We can see that the first 8 bytes are always identical, followed by what we can assume is a ciphered payload.
So what is the first 8 bytes? Well it changes every time we go through the connection process, but remains the same for each connection. And if we examine the data sent by the authentication server in the previous post, we can find the same 8 bytes in the first field of Frpg2GameServerInfo struct.
What these bytes work as is essentially a token created by the previous server to say that we have authenticated ourselves correctly, and are allowed to access the game server.
If the server receives packets without an authentication token it recognizes, it will ignore the packet.
Now how about that ciphered data after the authentication token? Fortunately we have one giant hint about how to decrypt this - Remember the second key exchange we performed on the previous server? Well it turns out that was to generate the key that is used for all communications with this server. If we try to decrypt this packet using the same CWC cipher we used on the previous server, we will suddenly get something a bit more meaningful!
Parts redacted to obscure my steam id.
Excellent! We have something we can work with here.
A Logical Jump
So I’m going to have to apologies a little bit here, and make a logical jump. Deciphering how these packets work is unfortunately a long, and fairly dull, exercise in reading through disassembly, which will fill up several blogs posts. So instead I’m going to explain directly how they work.
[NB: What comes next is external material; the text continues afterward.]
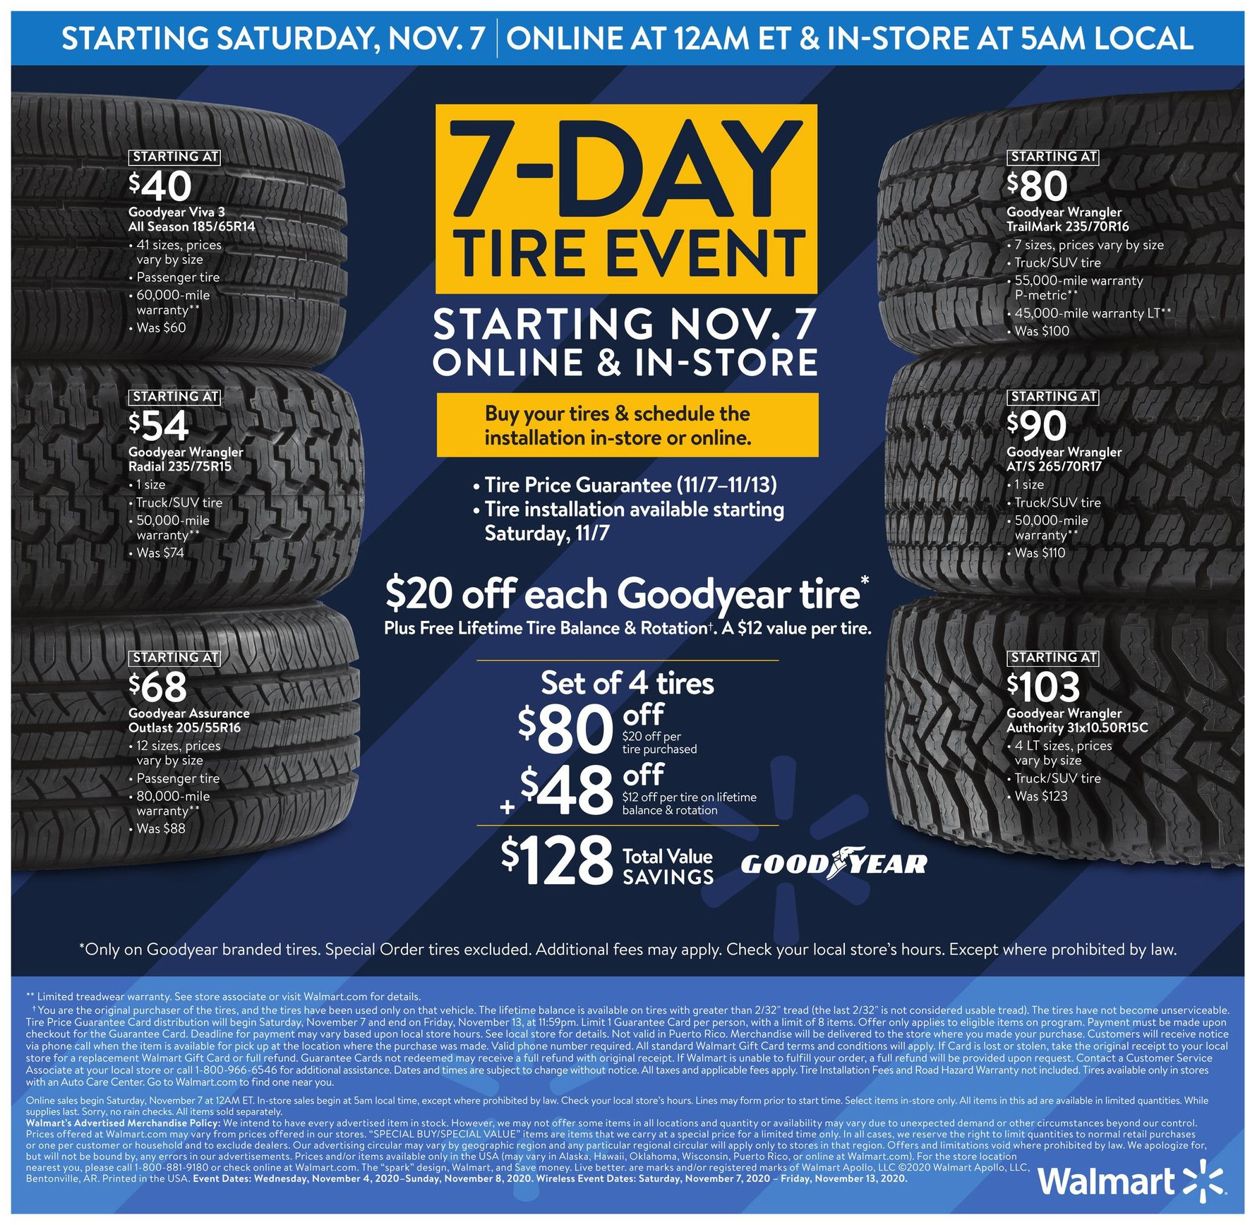 Walmart Tire Warranty Explained 2022 (What's Covered + Price)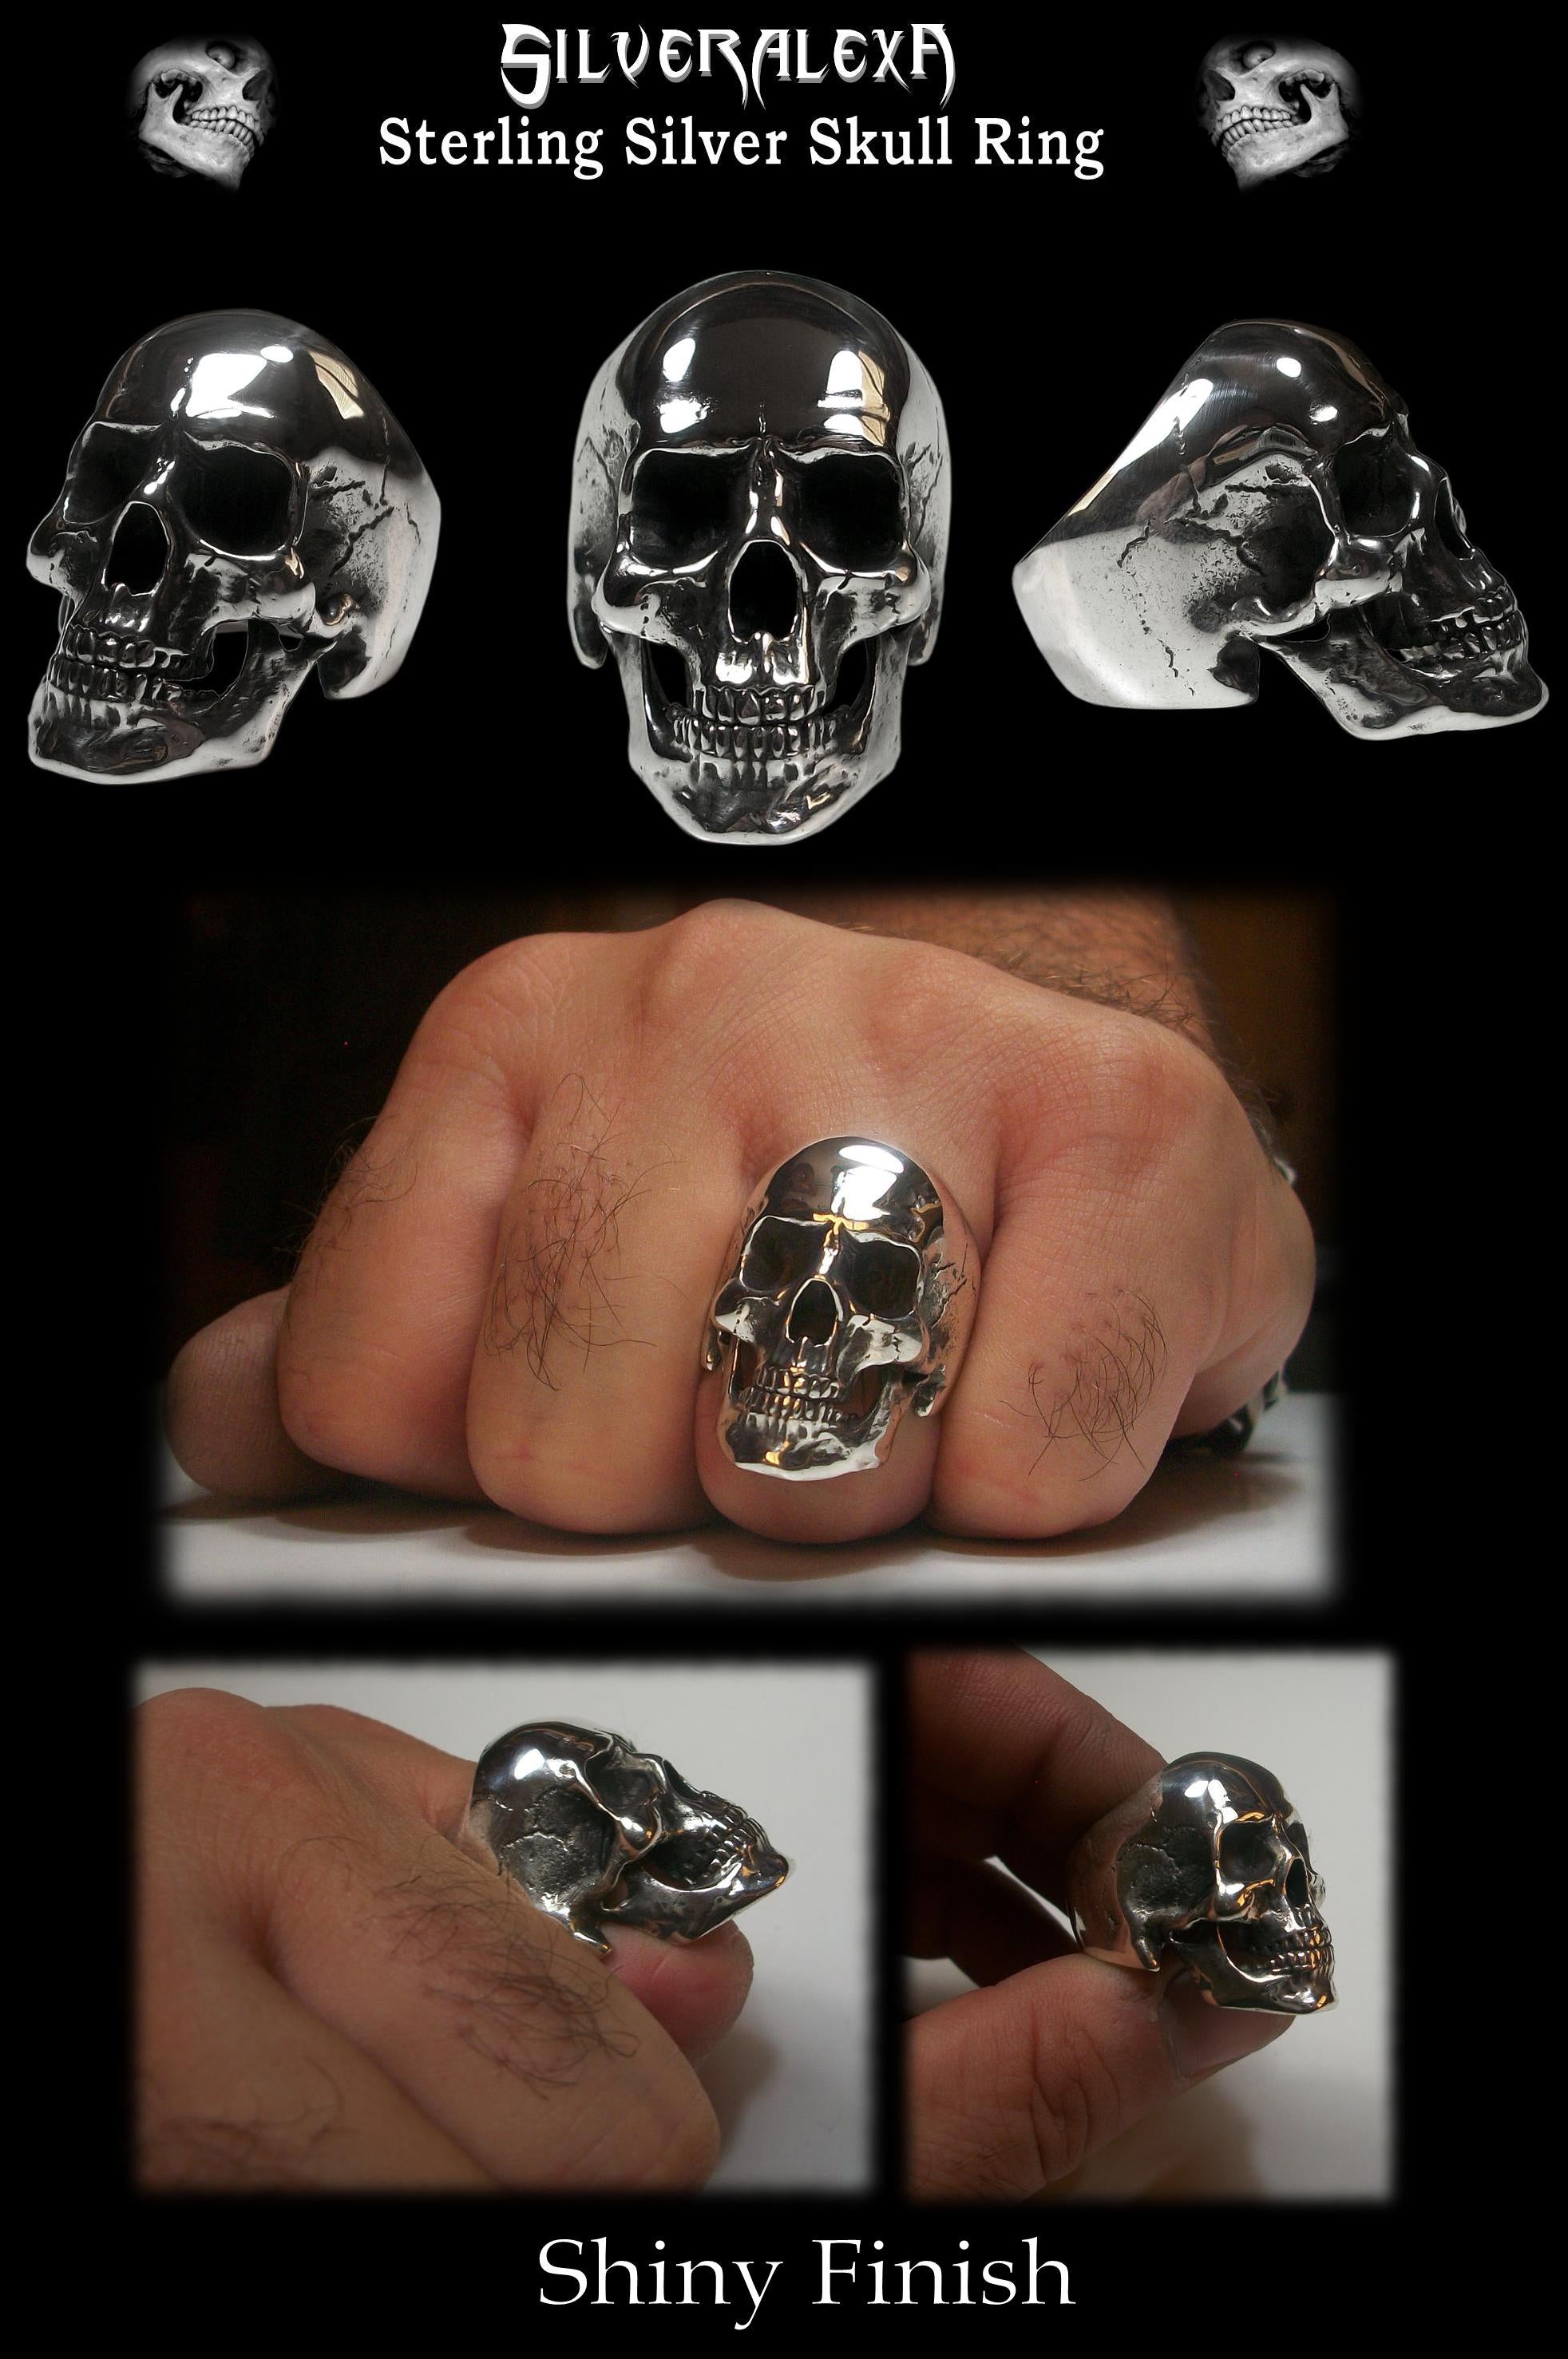 Silveralexa Sterling Silver Anatomical Skull Ring with Jaw Sapphire Eyes

I leave it as an exercise for the reader if they wish to investigate further. A good starting point is reading through the code associated with the Nauru::Communication::UDPConnection
class.
Reliable UDP
So the protocol for these packets is one that anyone who has done networking code in game development will be familiar with. It’s an implementation of reliable UDP.
A little background information here for those unfamiliar with network protocols - if you know what reliable UDP is, feel free to skip this section.
The two most commonly used protocols are known as TCP (Transmission Control Protocol) and UDP (User Datagram Protocol). Each have their positives and negatives.
TCP is stream-orientated protocol. By that we mean that at the application layer each side of the connection just seems a continual stream of bytes sent from the other side, there is no segmentation into “packets”. In additional to that, TCP is also reliable and ordered. Meaning that each byte of data sent will be reliably delivered to the other end of the connection, and will be received in the same order it is sent.
UDP is the polar opposite of TCP. UDP is stateless, meaning that no connection or stream exists concept on the application layer. Instead the application will just receive any packets (known as datagrams in UDP terminology) that are received by the host for the UDP port the application is listening on. All sends and receives occur as individual packets, these packets have a maximum size dictated by the minimum MTU (Maximum Transmission Unit) setting on the network devices between the sender and the receiver, typically around 1024 bytes, data sent beyond this size may be fragmented during transmission. Importantly UDP is unordered and unreliable - Meaning packets are not guaranteed to get to their destination, and if they do, they are not guaranteed to come in the same order they were sent.
Source unknown, this meme has been going around for years.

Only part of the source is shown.